Сначала я увидел подпись на обороте фотографии. "Дас жив" и больше
ничего. Фотография была черно-белой, зернистой; из-за не правильного
использования вспышки люди на переднем плане почти не пропечатались, в то
время как те, что находились сзади, представляли собой лишь затемненные
силуэты. Даса, однако, можно было узнать сразу. Лицо его покрывали струпья,
нос был изуродован, но проказа не так бросалась в глаза, как во время наших
встреч. На нем была белая рубашка, а рука простиралась в профессорском
жесте.
Восемь мужчин на фотографии восседали на подушках вокруг низенького
столика. Вспышка высветила за спиной Даса облупившуюся краску на стене и
несколько грязных чашек на столике. Лица двоих мужчин были хорошо освещены,
но я их не узнал. Мой взгляд перешел на фигуру человека, сидевшего справа от
Даса. Лицо было слишком темным, чтобы различить черты, но, благодаря
выгодному ракурсу, я узнал хищный клювообразный нос и торчащие темным нимбом
волосы.
В конверте не было ничего, кроме фотографии.

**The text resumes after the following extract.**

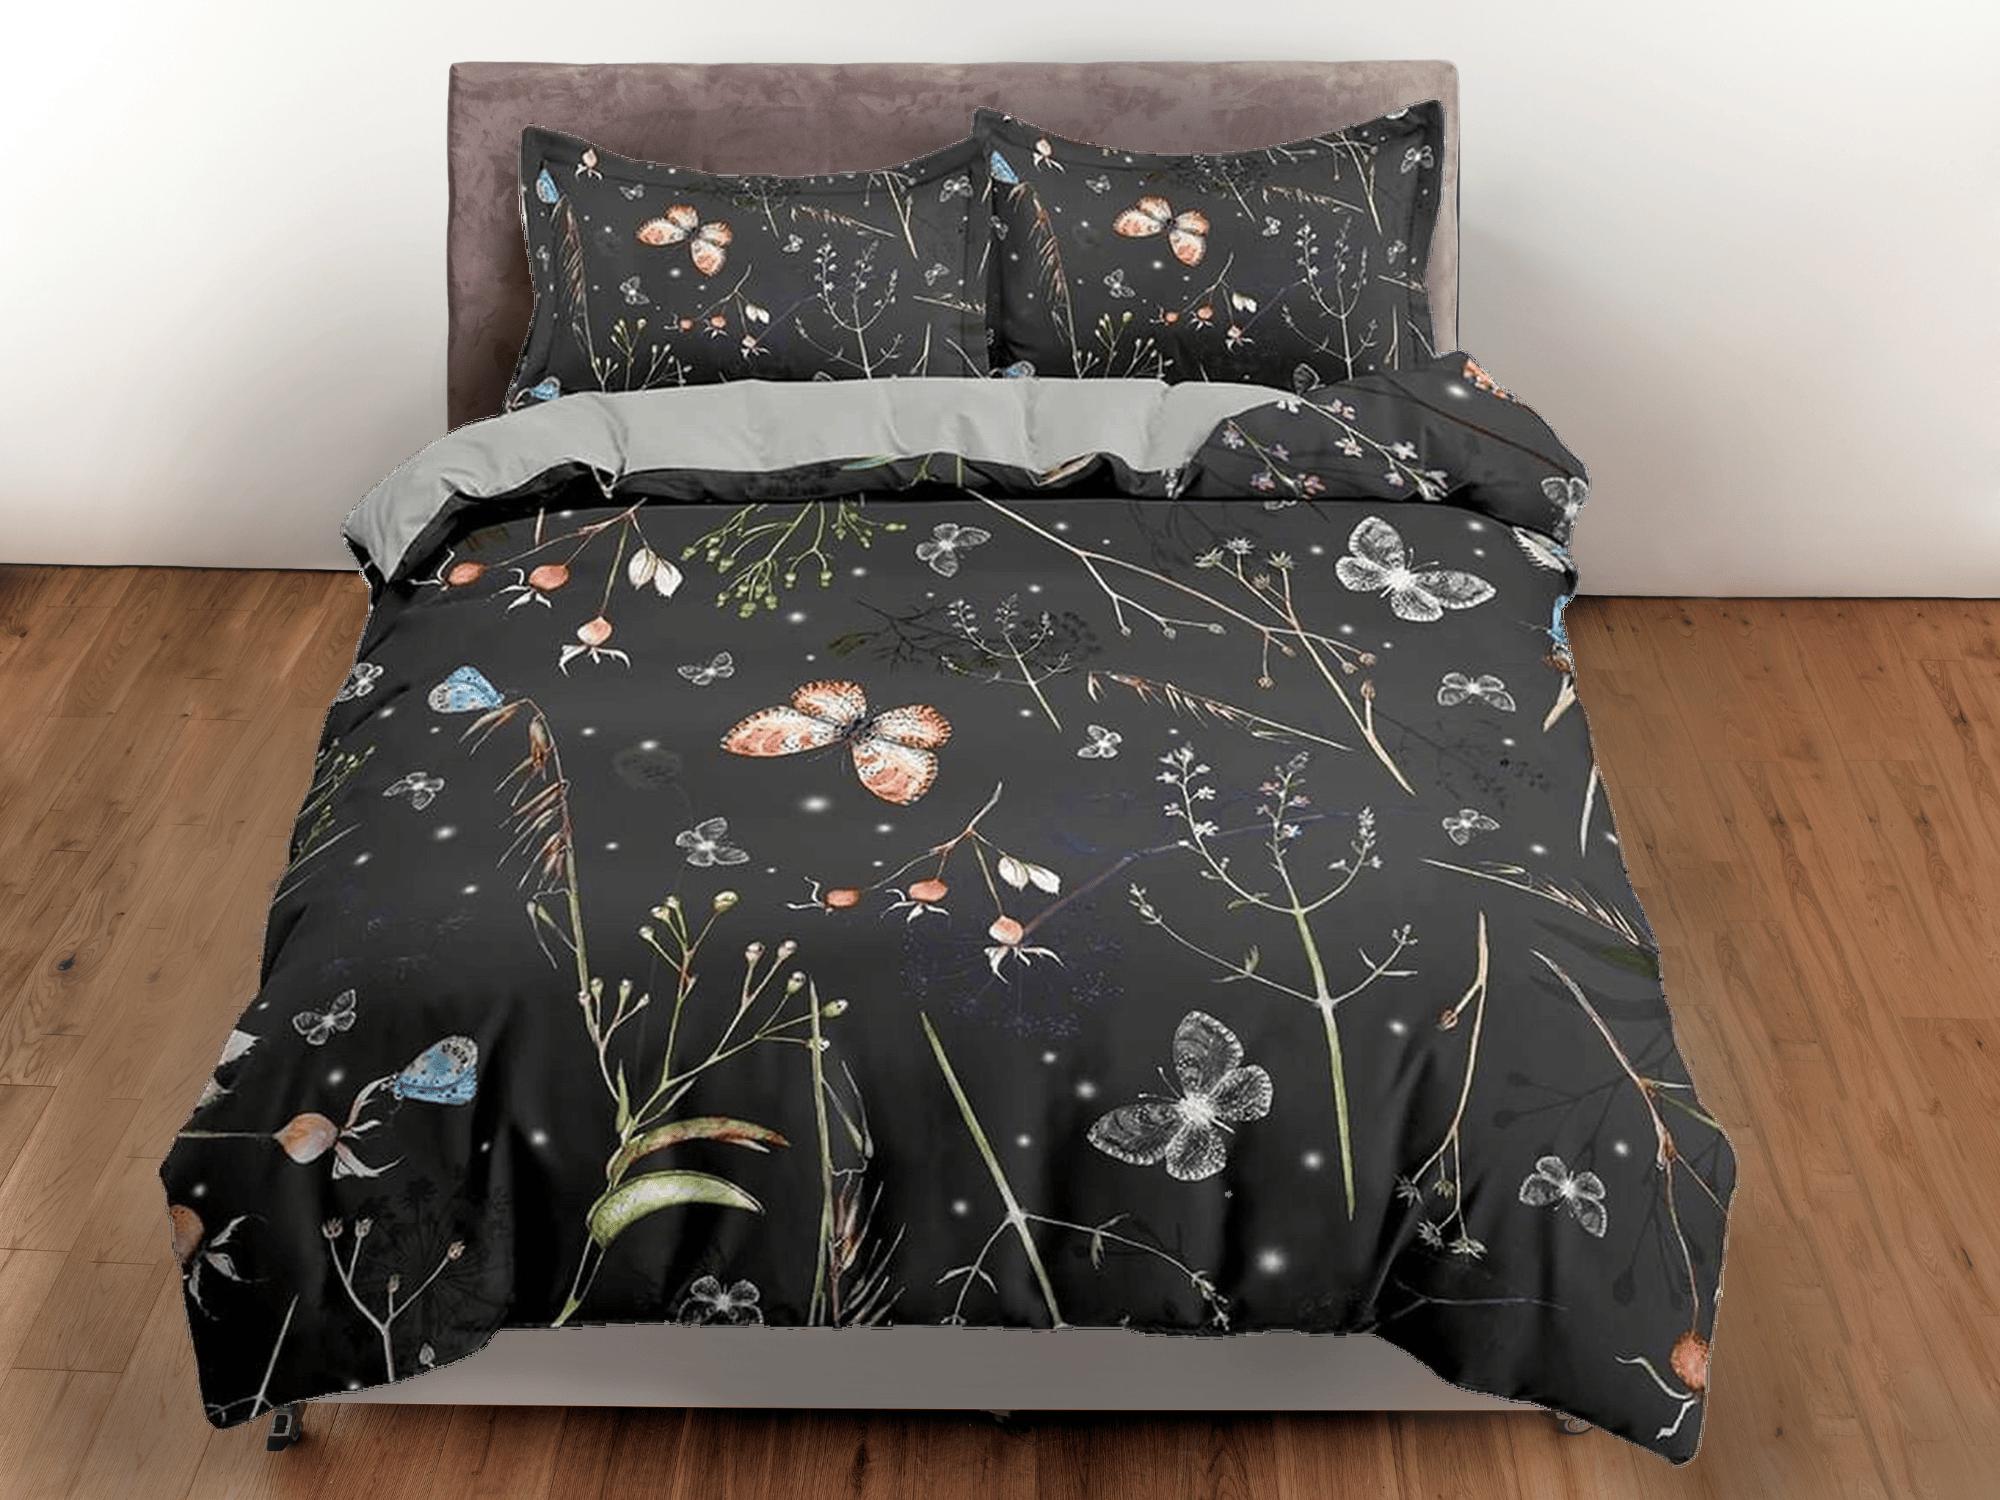 daintyduvet Botanical butterfly bedding black duvet cover colorful dorm bedding, full size adult duvet king queen twin, nursery toddler bedding

Дас жив. Каких выводов ждут от меня в связи с этим? Что М. Дас еще раз
воскрешен своей мерзкой богиней? Я вновь бросил взгляд на фотографию и стоял
теперь, постукивая ее ребром по пальцам. Невозможно определить, когда был
сделан этот снимок. Была ли фигура в тени Кришной? Агрессивность позы
подавшегося вперед человека наводила меня на мысль, что это именно он.
Дас жив.
Я свернул с дорожки и углубился в рощу. Низкая поросль цепляла меня за
лодыжки. Во мне была какая-то опрокинутая, вращающаяся пустота, грозившая
перерасти в черную бездну. Я знал, что стоит только открыться бездонному
мраку, как мне уже не выйти из него.